First, find the data column, named mpg (gas mileage) of the mtcars data set.

# Print the mpg column
mtcars$mpg

# Create a freqeuncy table for the mpg column
table(mtcars$mpg)

# Compute mean
mean(mtcars$mpg)

# Compute standard deviation
sd(mtcars$mpg)

# Statistical summaries of mpg
summary(mtcars$mpg)

Visualize your data using a box plot

First, find the data column, named mpg (gas mileage) of the mtcars data set.

# Create a box plot
#par(mar=c(1,1,1,1))
boxplot(mtcars$mpg)

# Add axes and text
boxplot(mtcars$mpg,
data=airquality,
main="Car Milage Data",
xlab="Gas mileage",
ylab="Miles/(US) gallon",
col="orange",
border="brown"
)

Compute one-sample t-test (two.sided)

Use the t.test() function to perfom one-sample t-test (two.sided)

# two-tailed test
t.test(mtcars$mpg, mu = 0, alternative = "two.sided")
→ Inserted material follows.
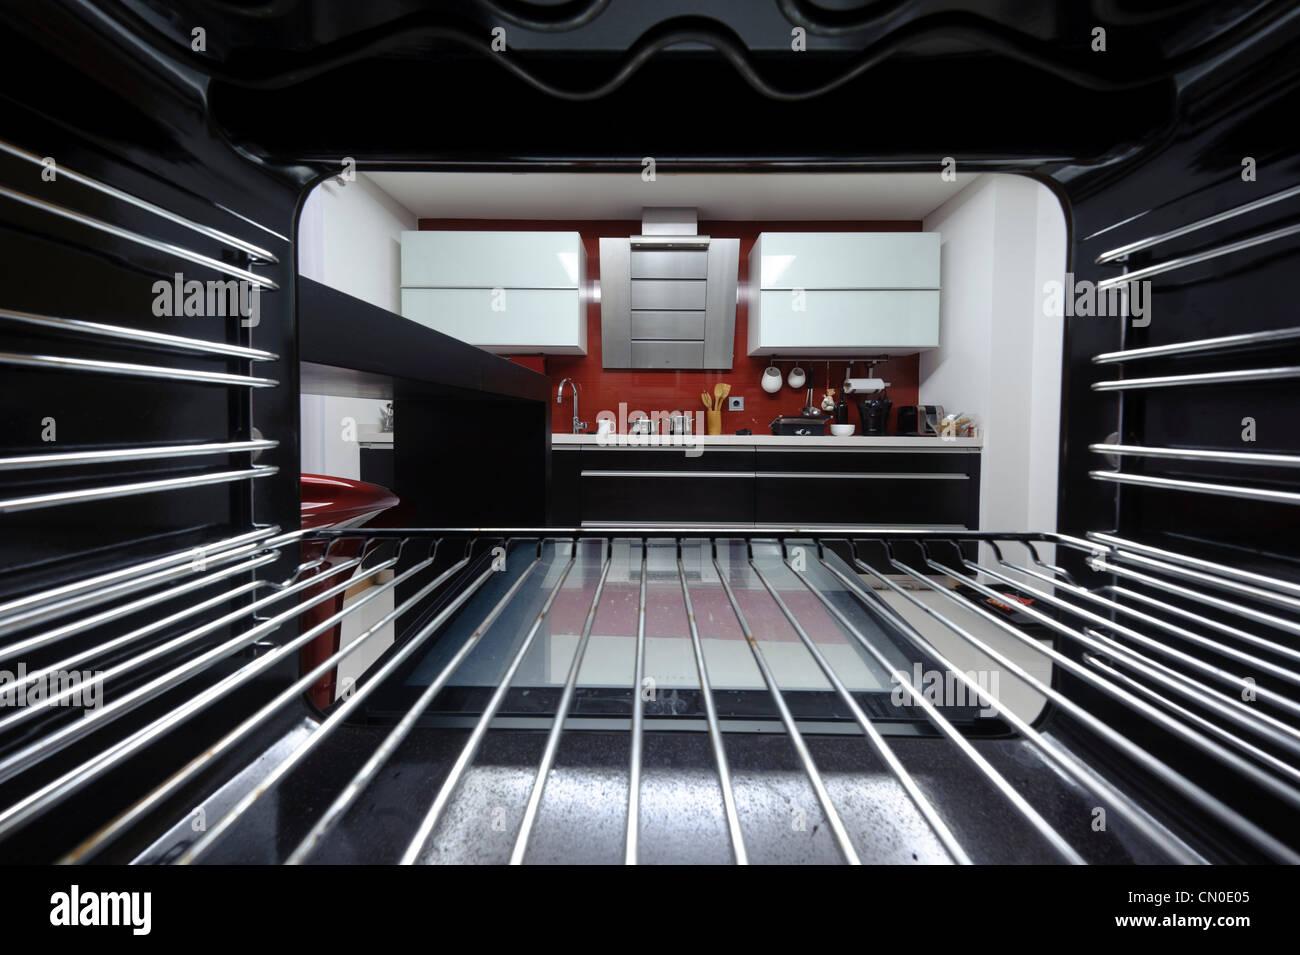 Moderne Küche im Inneren des Ofens aus betrachtet Stockbild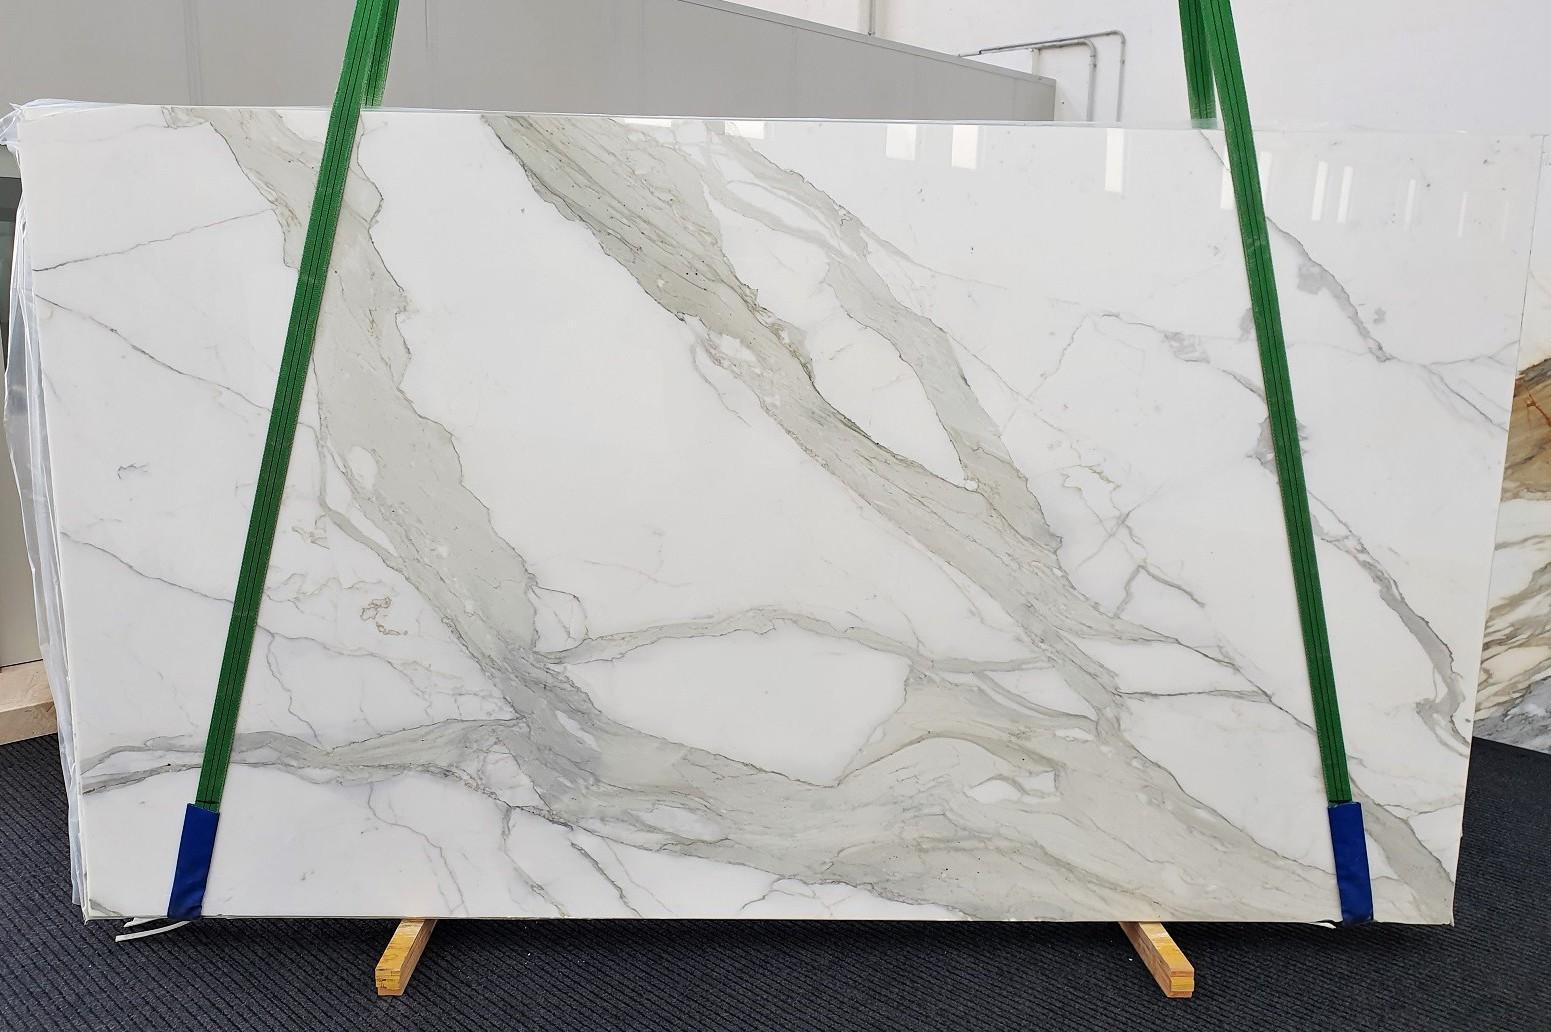 CALACATTA ORO EXTRA Suministro Veneto (Italia) de planchas pulidas en mármol natural 1366 , Slab #18

# < 2.2e-16 is equal to 2.2 x 10^-16, 0.00000000000000022 with 15 zeros after the decimal point (E: scientific (or exponential) notation, 10 to the x-th power)

Compute one-sample t-test (one.sided)

Using the alternative argument to change the alternative hypothesis. alternative argument allows one of the following options: “two.sided” (default), “greater” or “less”.

# one-tailed test
t.test(mtcars$mpg, mu = 0, alternative = "less")

# one-tailed test
t.test(mtcars$mpg, mu = 0, alternative = "greater")

Compute one-sample t-test with a different mean

Using the mu argument to change the theoretical mean. Default is 18 but you can change it (mu = 20).

# two-tailed test
t.test(mtcars$mpg, mu = 18, alternative = "two.sided")

# one-tailed test (greater)
t.test(mtcars$mpg, mu = 18, alternative = "greater")

Use the help function

If you want to learn more about the t.test function.

# A question mark is a shorcut for the "help" function.
?t.test

In-Class Acitivity: Two-Sample T-Test

Check two data frame columns (mpg, am)

If two samples come from unrelated populations, they are independent.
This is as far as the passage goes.